Thai Airways International posted an operating loss of Bt21.5 billion ($658 million) for the first nine months of 2021, an improvement on its operating loss of Bt34 billion for the first nine months of 2020.

Operating revenues at Thai and its units fell 66.1% year on year to Bt15 billion, with passenger and excess baggage revenue diving 92.2% to Bt2.5 billion, according to the carrier’s nine-month result statement for the period to 30 September. It did not break out a quarterly figure for the July-September period.


A mid-year outbreak of Covid-19 in Thailand forced Thai Smile to cease operations for a period

The only operating metric that saw an improvement was freight and mail revenue, which rose 10.9% to Bt6.4 billion.

The improvement in Thai’s operating performance stemmed from its halving of total operating expenses to Bt36.5 billion.

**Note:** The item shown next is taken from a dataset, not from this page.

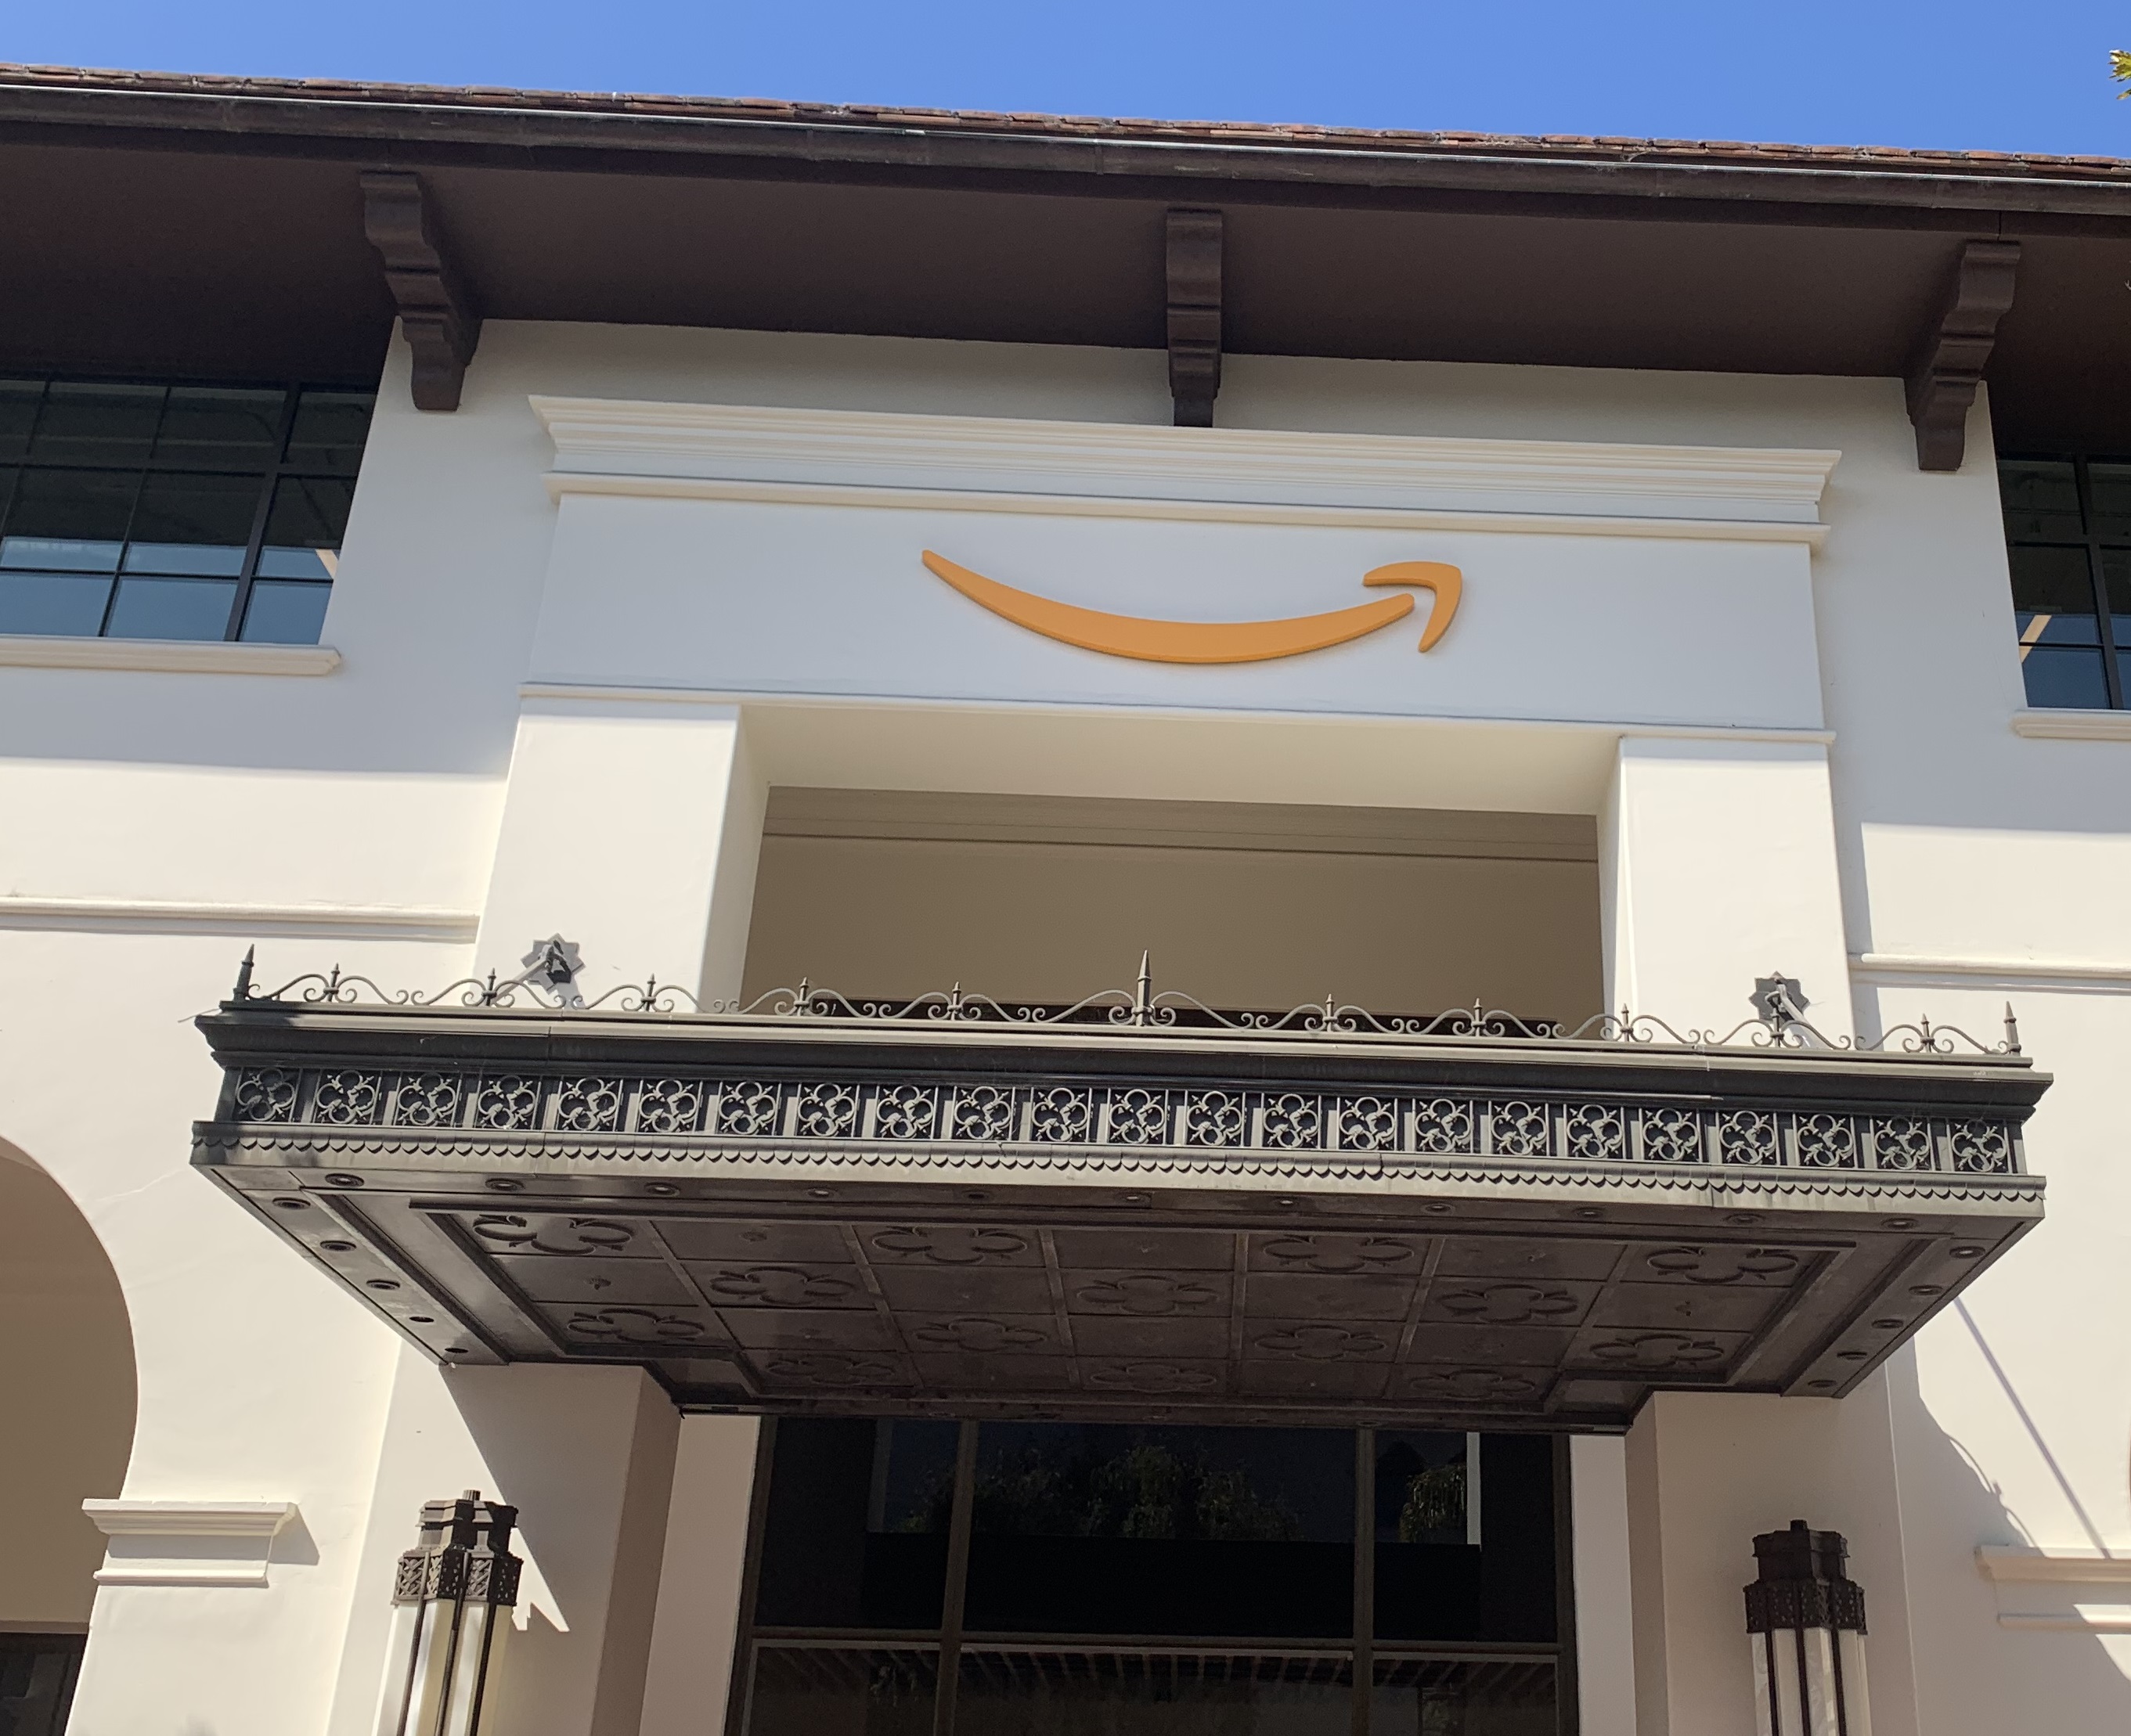 Want to go all out to impress customers? A channel letters sign package is just the thing. Like this one for Amazon in Santa Barbara!

Despite the poor operating performance, the airline posted a net profit of Bt51 billion due mostly to a series of one-off items, including asset sales and a Bt60.7 billion gain from debt restructuring.

Thai carried 820,000 passengers in the first nine months of 2021, down 83.8% from a year earlier. ASKs fell 70.7%, and RPKs fell 93.9%. Load factors fell 53.1 percentage points to 13.9%.

On the cargo front, Thai’s freight yield shot up 81.2%, with freight load factors rising 43.5 percentage points to 99.7%. Still, overall cargo carried declined 44.7% to 83,000t, as the airline’s overall freight capacity declined 65.2%.

Cash burn remains a challenge. In the first nine months of 2021, Thai had a negative operating cash outflow of Bt7.9 billion, even worse than Bt7.2 billion a year earlier.

Thai adds that a resurgence of the coronavirus pandemic in the middle of the year resulted in an emergency decree, which greatly hurt domestic air travel. This saw unit Thai Smile actually cease operations until 1 September, when it was only allowed to operate from 0900-1600 and using only 75% of capacity.

Thai adds that work continues on its restructuring programme. Key elements include simplifying the organization and reducing costs across the board, while focusing on areas that can generate revenue, including cargo and repatriation flights. It also involves an extensive capital restructuring, and repaying debts.

Consolidated cash and cash equivalents as of 30 September stood at Bt5.4 billion as of 30 September, down from Bt11.1 billion a year earlier.

As of 30 September, Thai had an active fleet of 103 aircraft, of which 20 are Airbus A320s in service with Thai Smile.

The airline also has 13 decommissioned aircraft, and is trying to sell three A340-500s, six A340-600s, one A300-600, and three Boeing 747-400s.